═══ Input data ═══

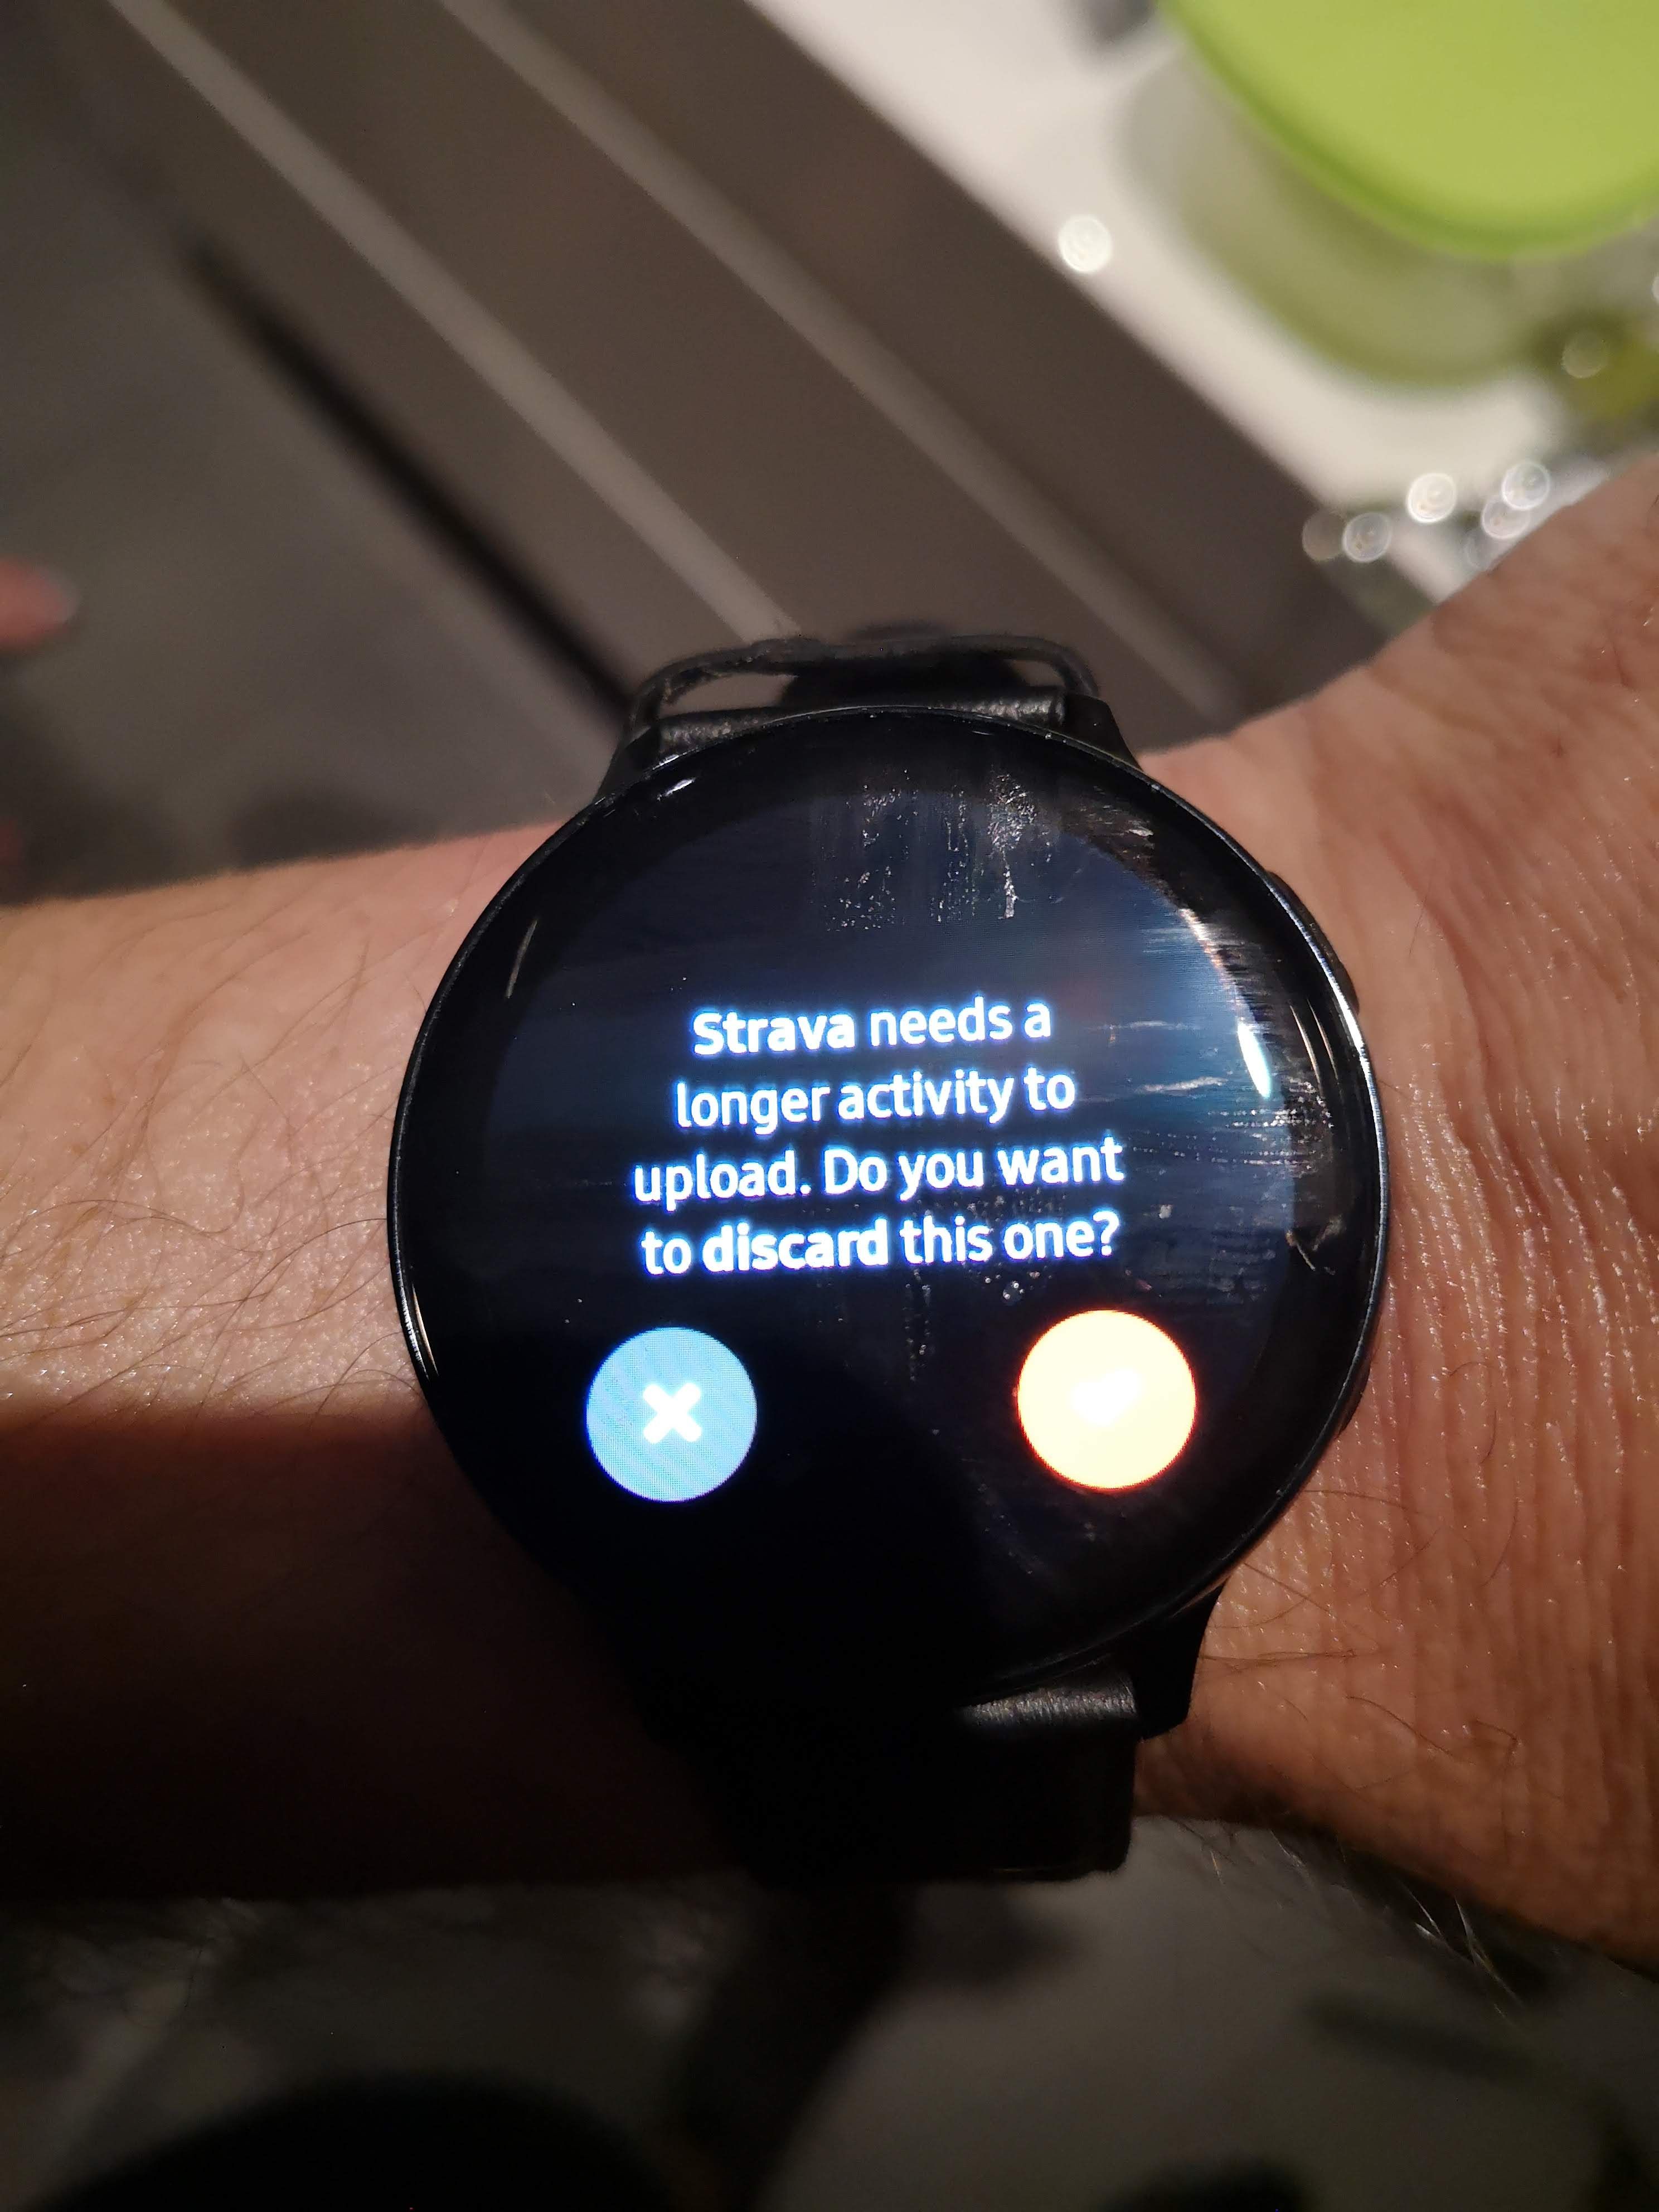 Galaxy Watch Active 2: Strava needs a longer activity to upload - Page 2 -  Samsung Community
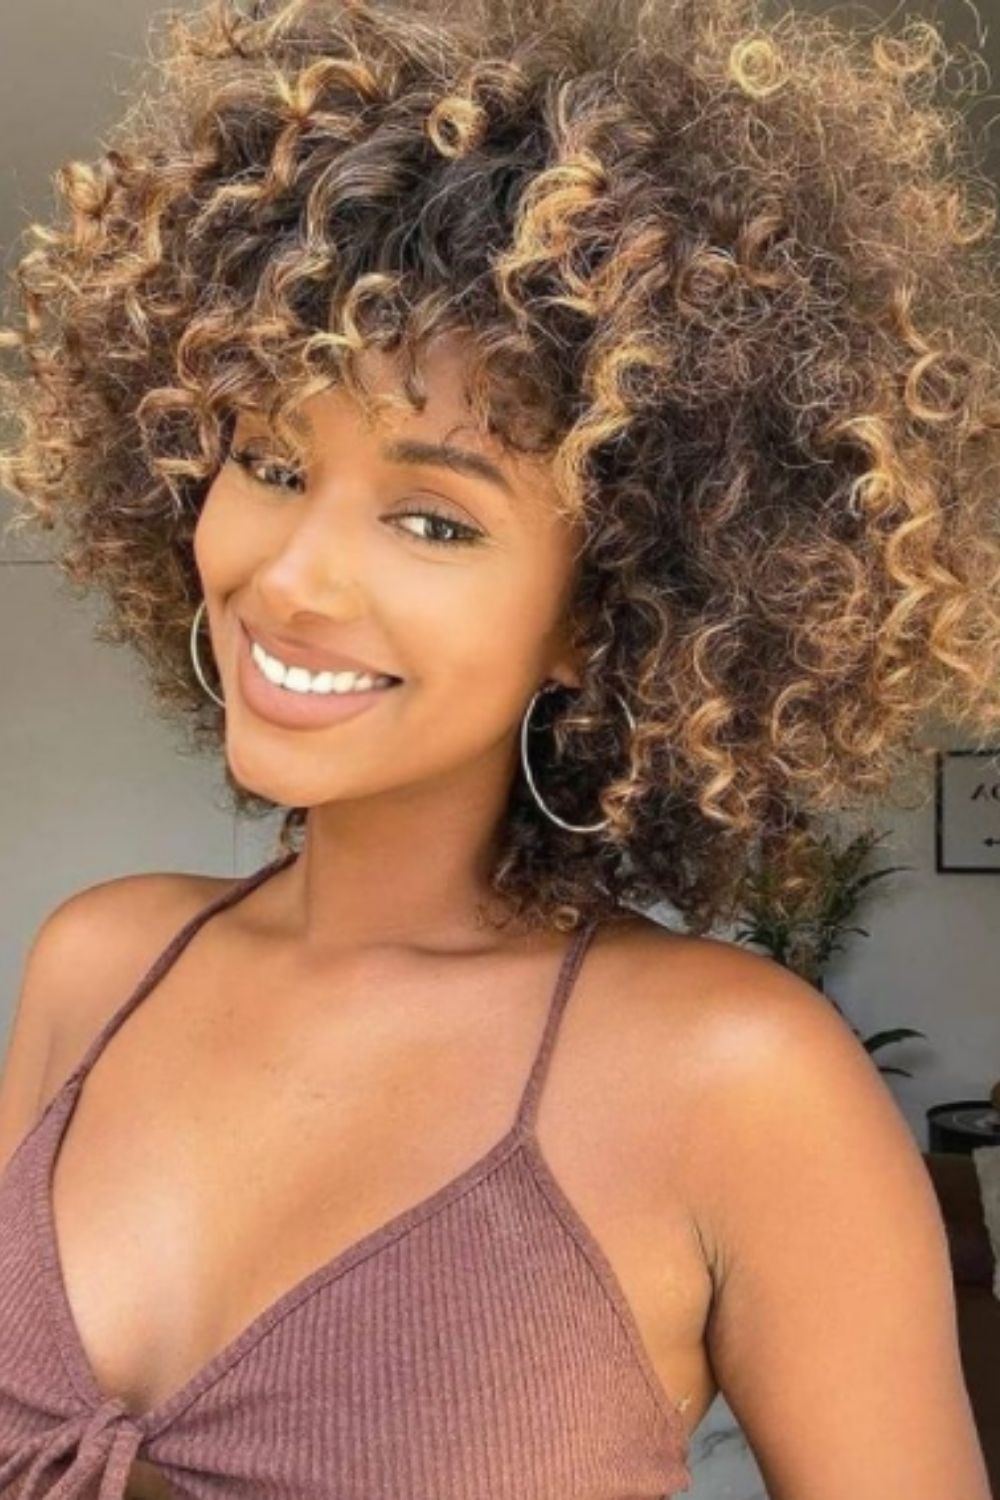 What Is The Best Haircut For Short Curly Hairstyle?
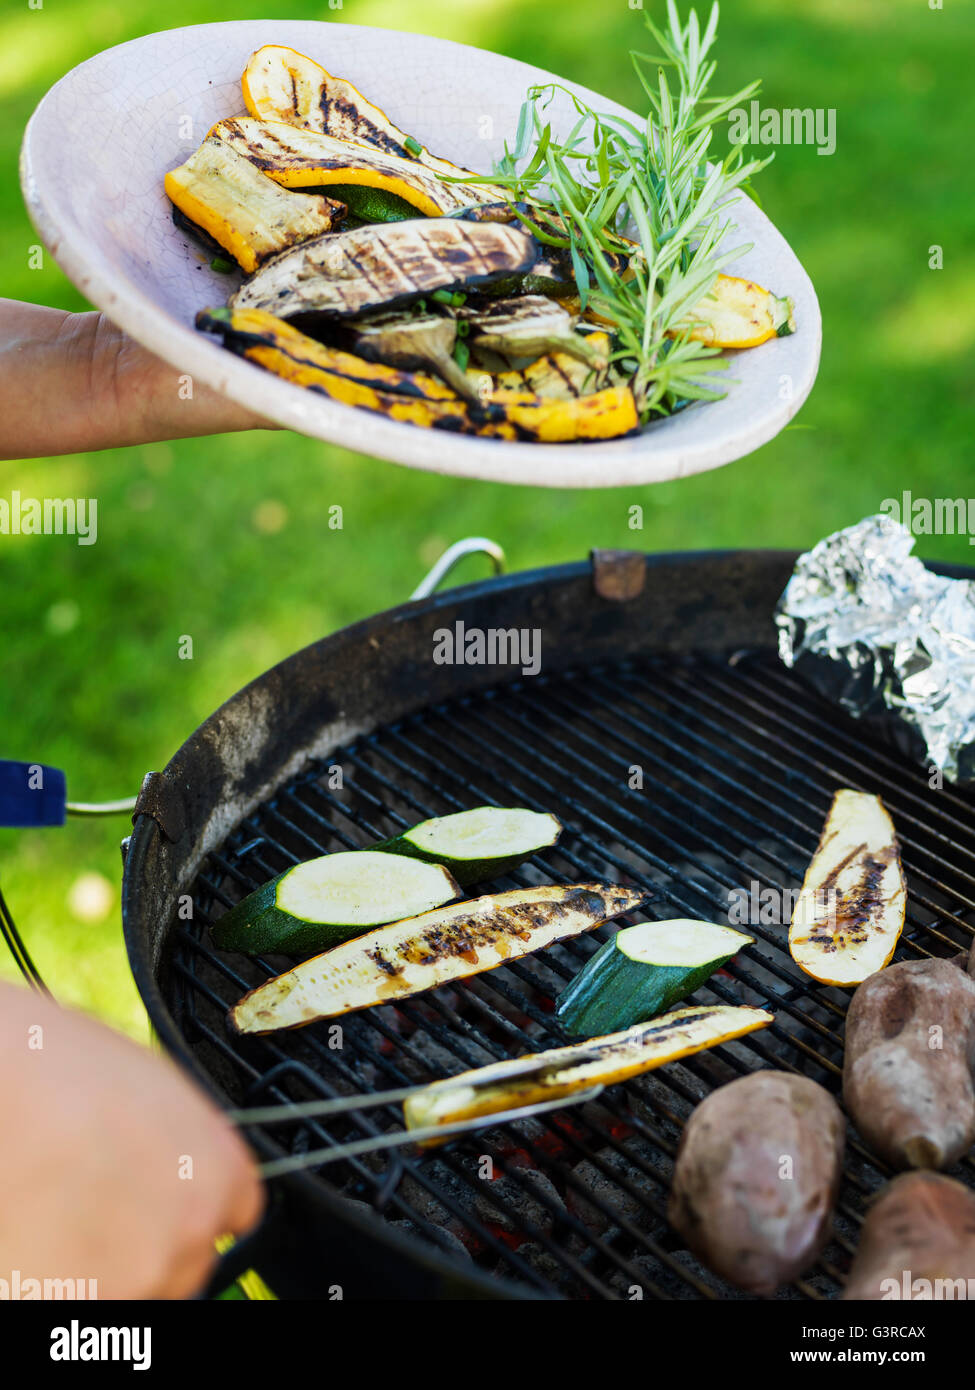 Sweden, Grilled vegetables on plate and grill Stock Photo

═══

Task instructions ▸
Text only, please: give the listing again word for word with no images.

Problem solution ▸
 Galaxy Watch Active 2: Strava needs a longer activity to upload - Page 2 -  Samsung Community
 What Is The Best Haircut For Short Curly Hairstyle?
 Sweden, Grilled vegetables on plate and grill Stock Photo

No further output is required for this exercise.